Retype exactly what runs from the first line of the data to the line with "105110 Hintergrundbild herunterladen", keeping both of those lines and skipping pictures.

SUPPLIED INFORMATION
* * *

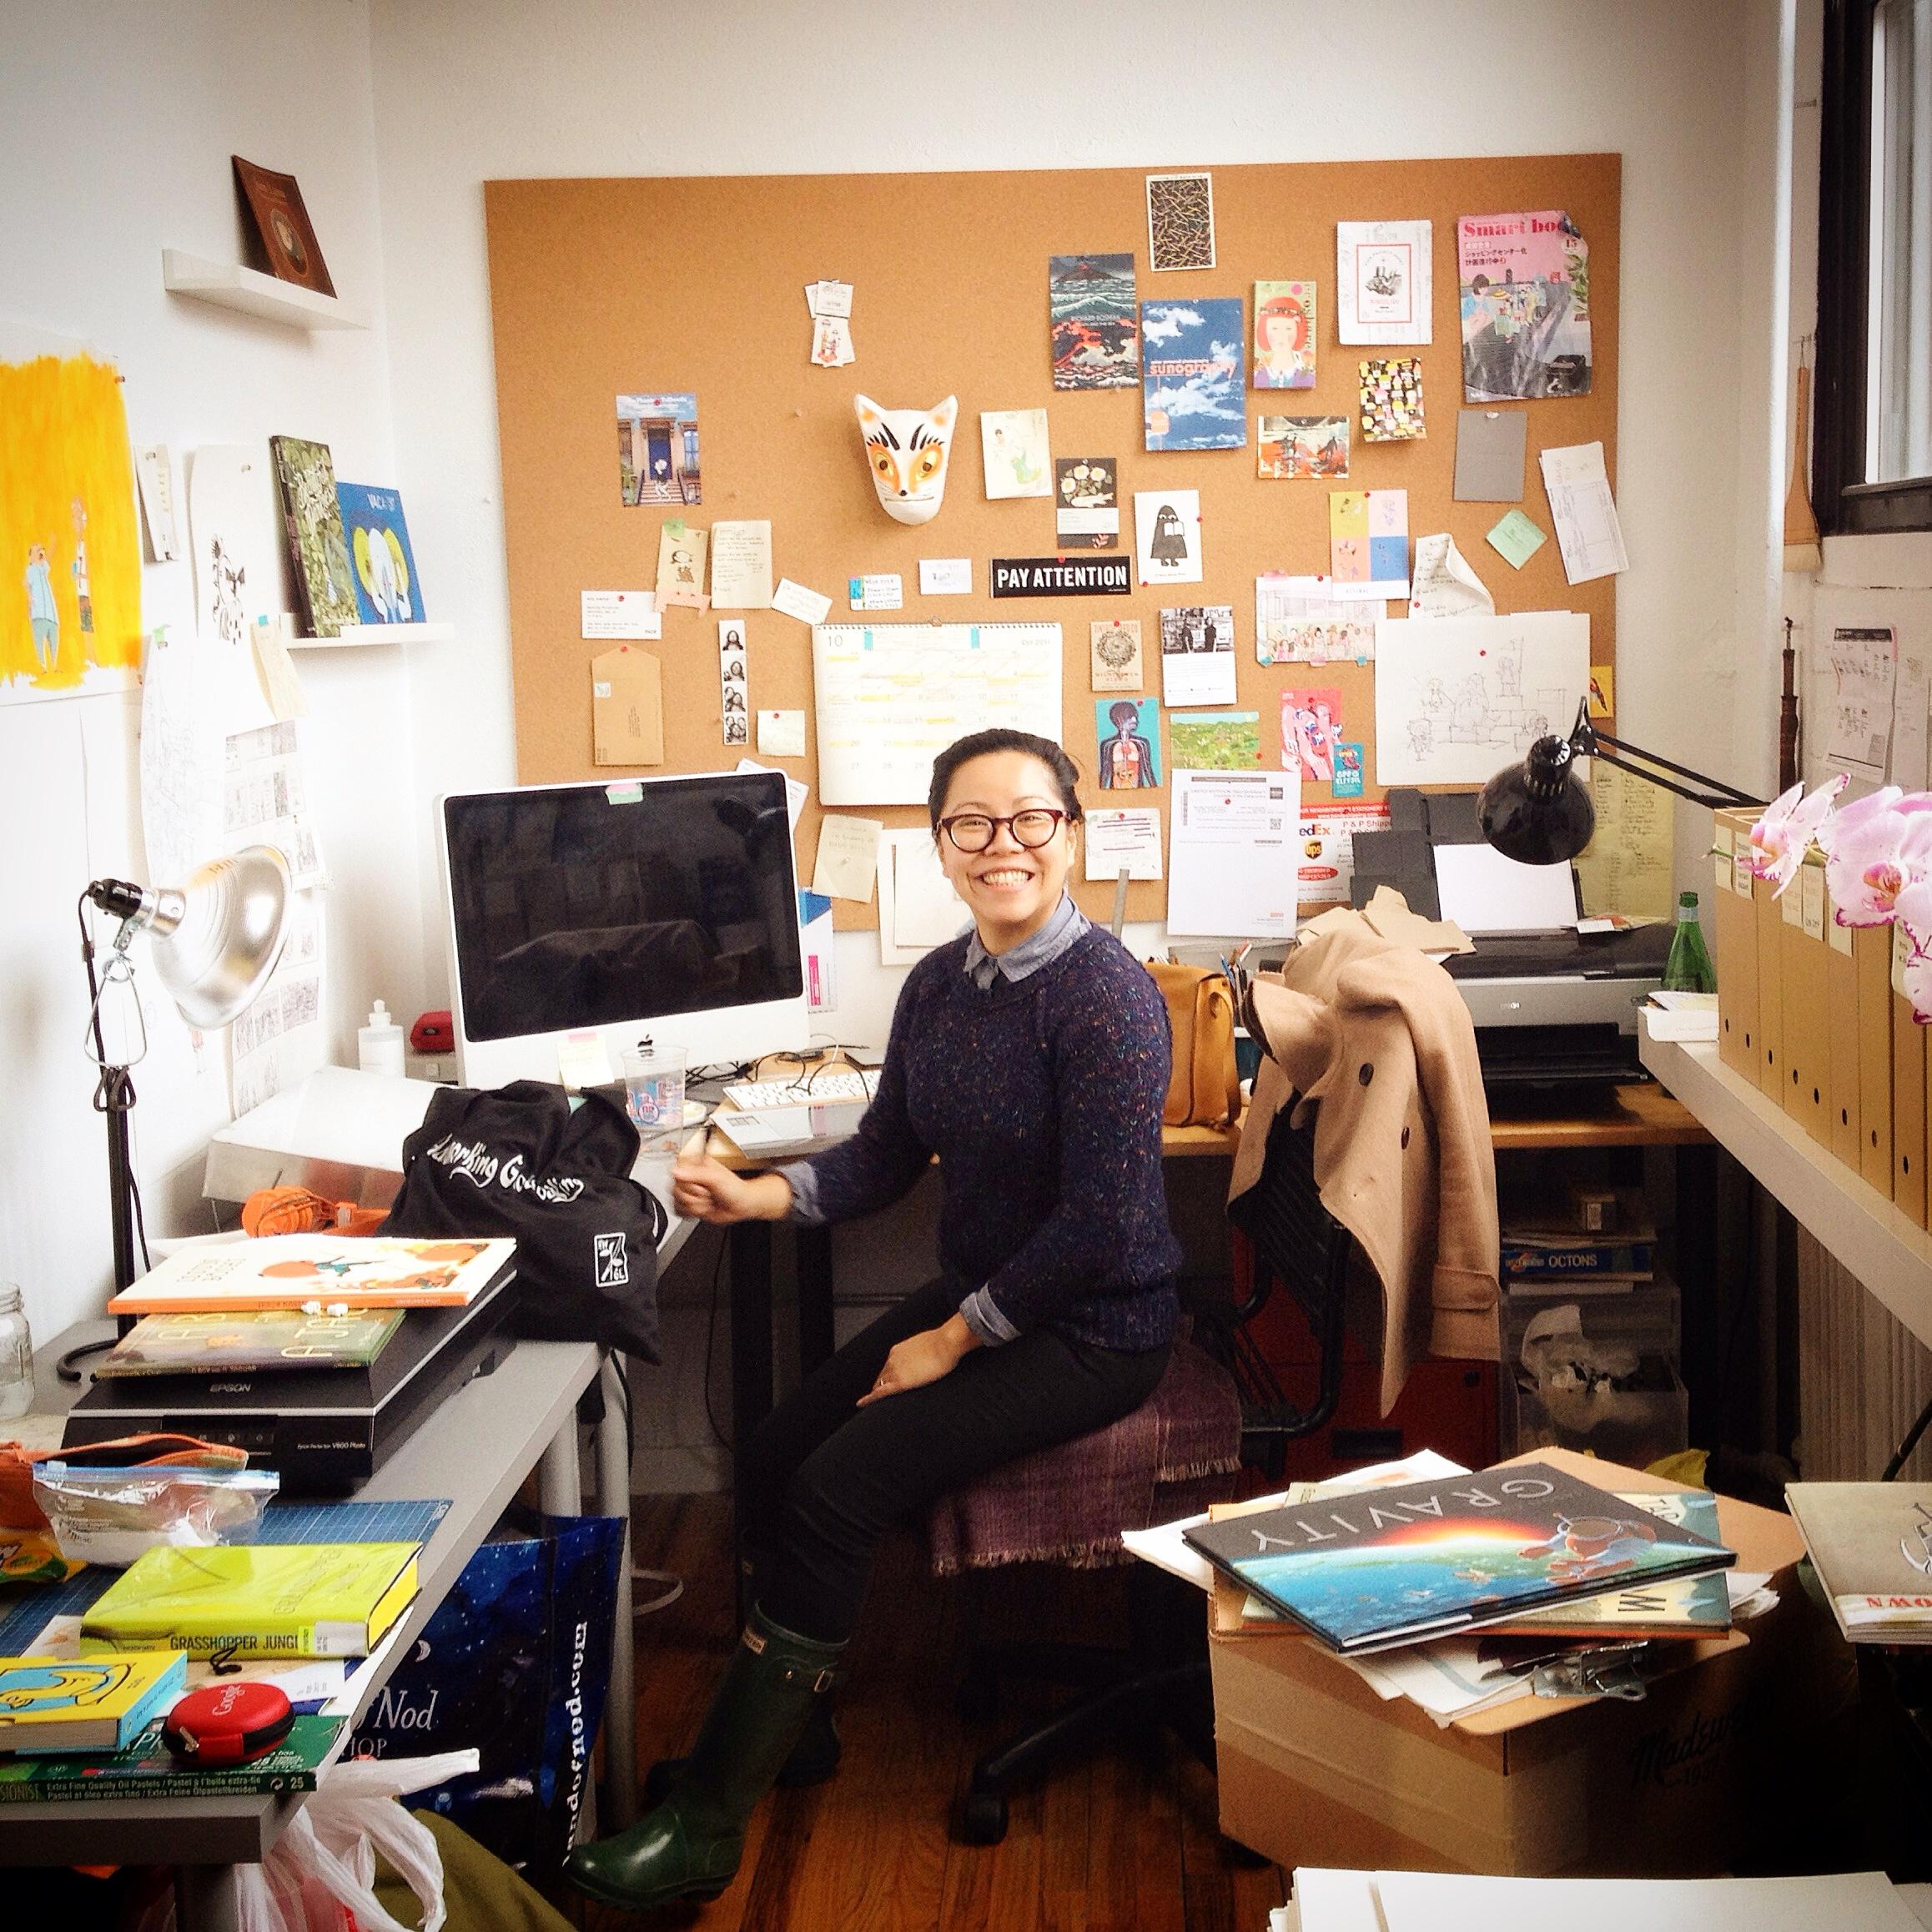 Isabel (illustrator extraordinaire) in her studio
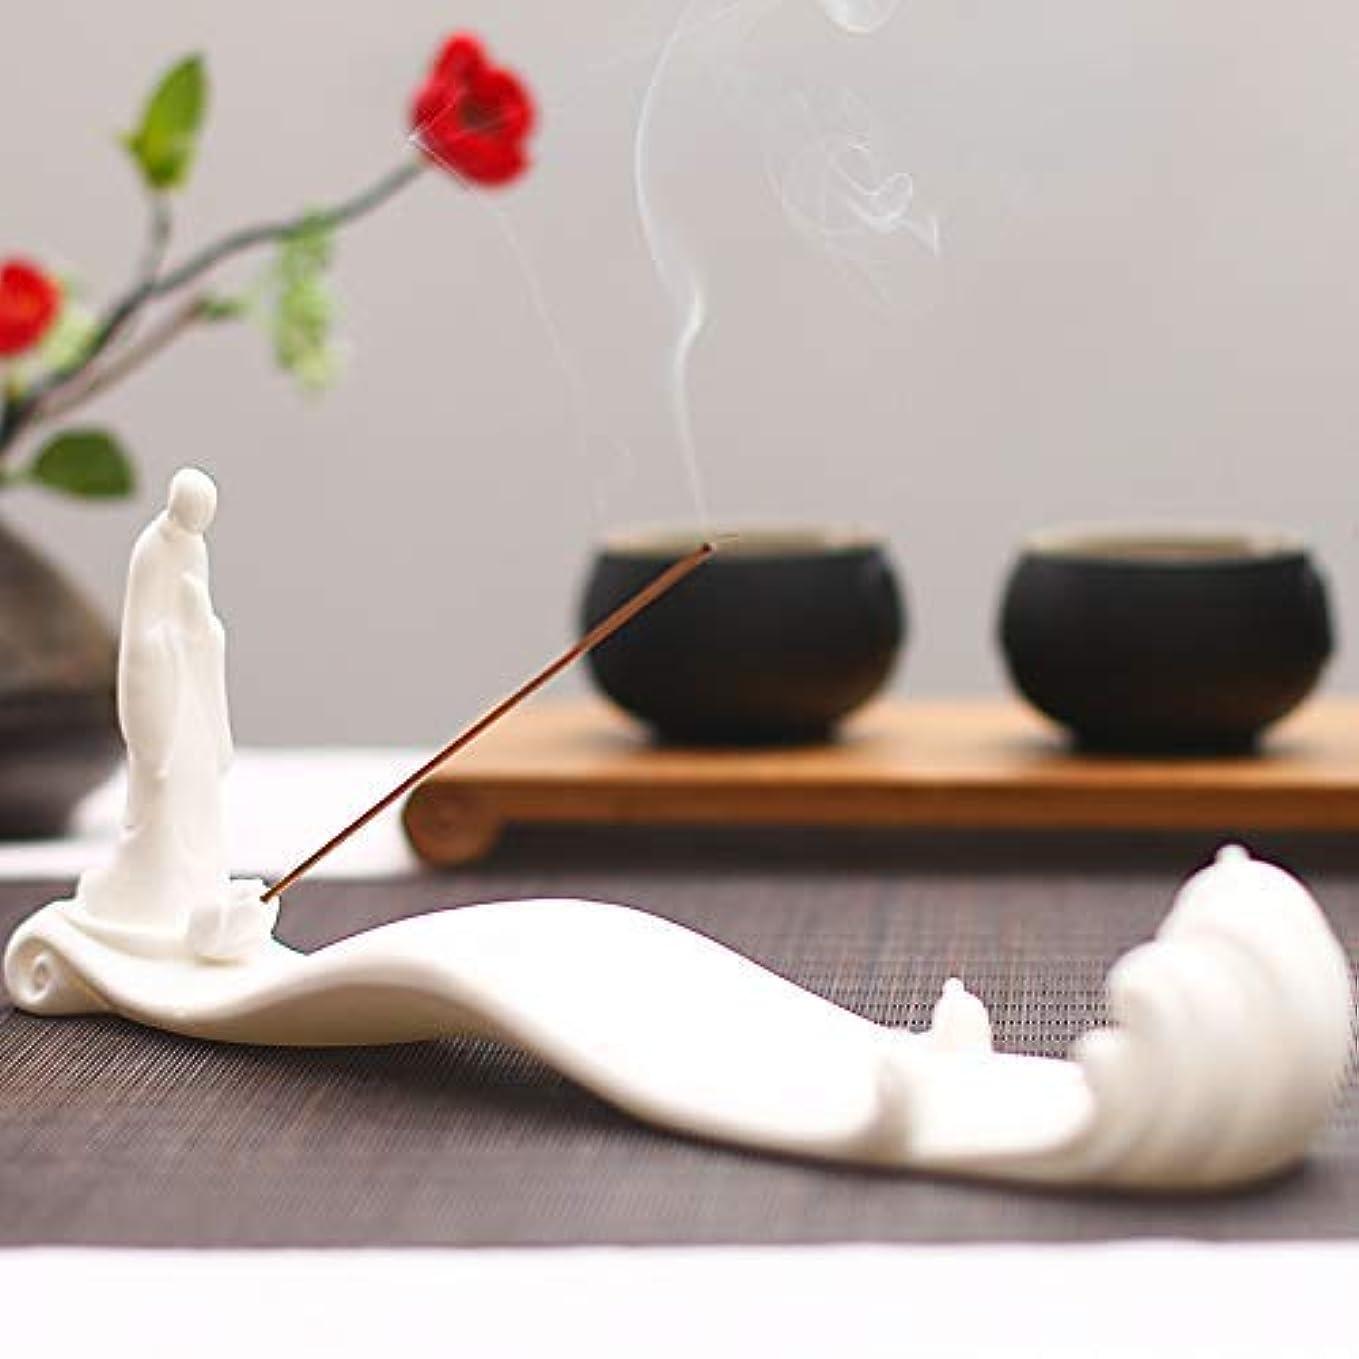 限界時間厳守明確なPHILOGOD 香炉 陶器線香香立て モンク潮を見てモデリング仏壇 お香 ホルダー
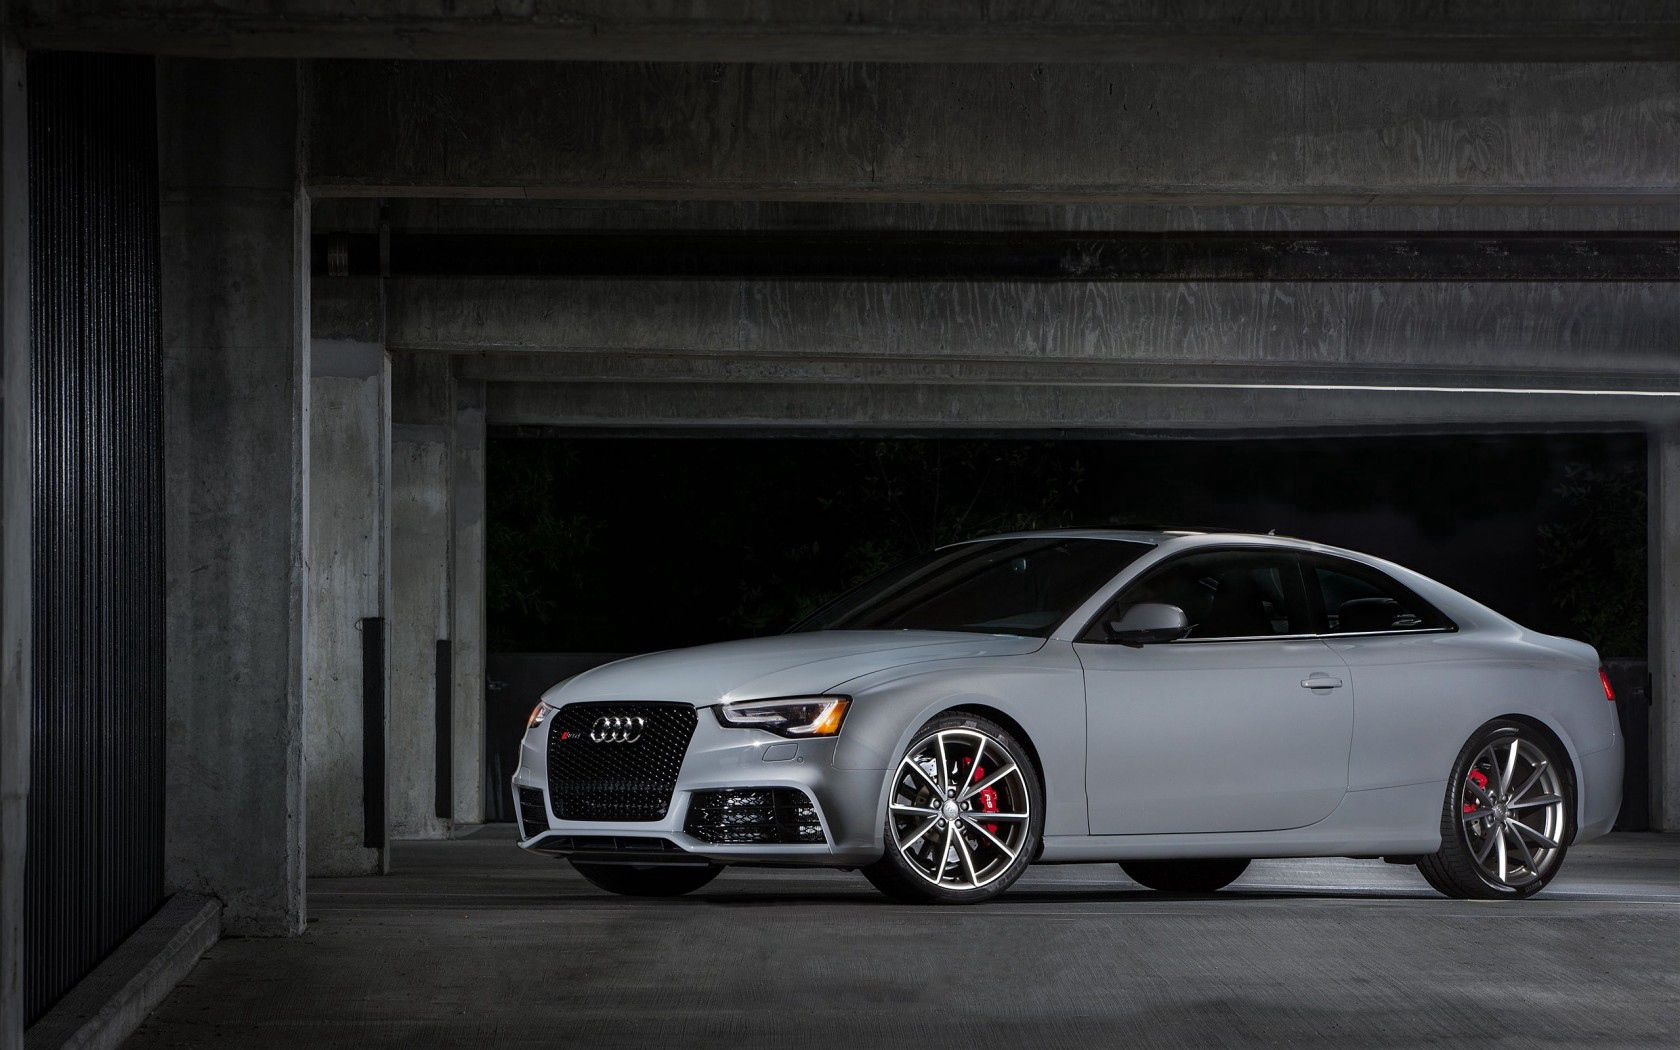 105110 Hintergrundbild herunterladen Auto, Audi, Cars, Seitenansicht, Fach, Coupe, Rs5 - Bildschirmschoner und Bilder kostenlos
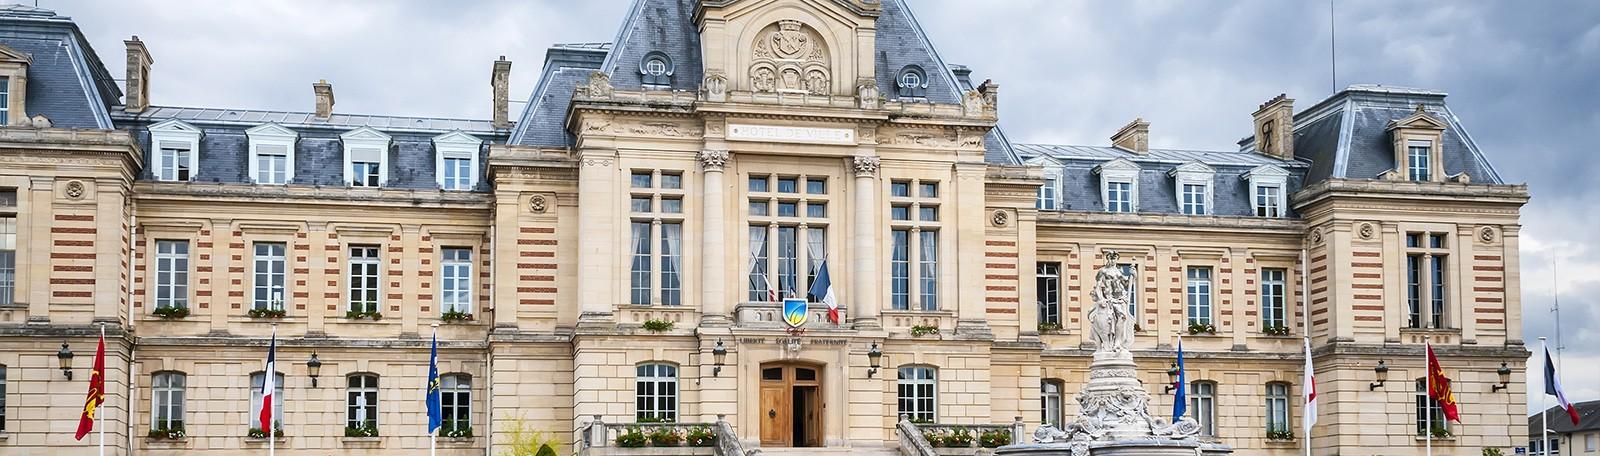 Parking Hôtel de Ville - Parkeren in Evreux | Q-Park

* * *

WORKED SOLUTION
 Isabel (illustrator extraordinaire) in her studio
 限界時間厳守明確なPHILOGOD 香炉 陶器線香香立て モンク潮を見てモデリング仏壇 お香 ホルダー
 105110 Hintergrundbild herunterladen Auto, Audi, Cars, Seitenansicht, Fach, Coupe, Rs5 - Bildschirmschoner und Bilder kostenlos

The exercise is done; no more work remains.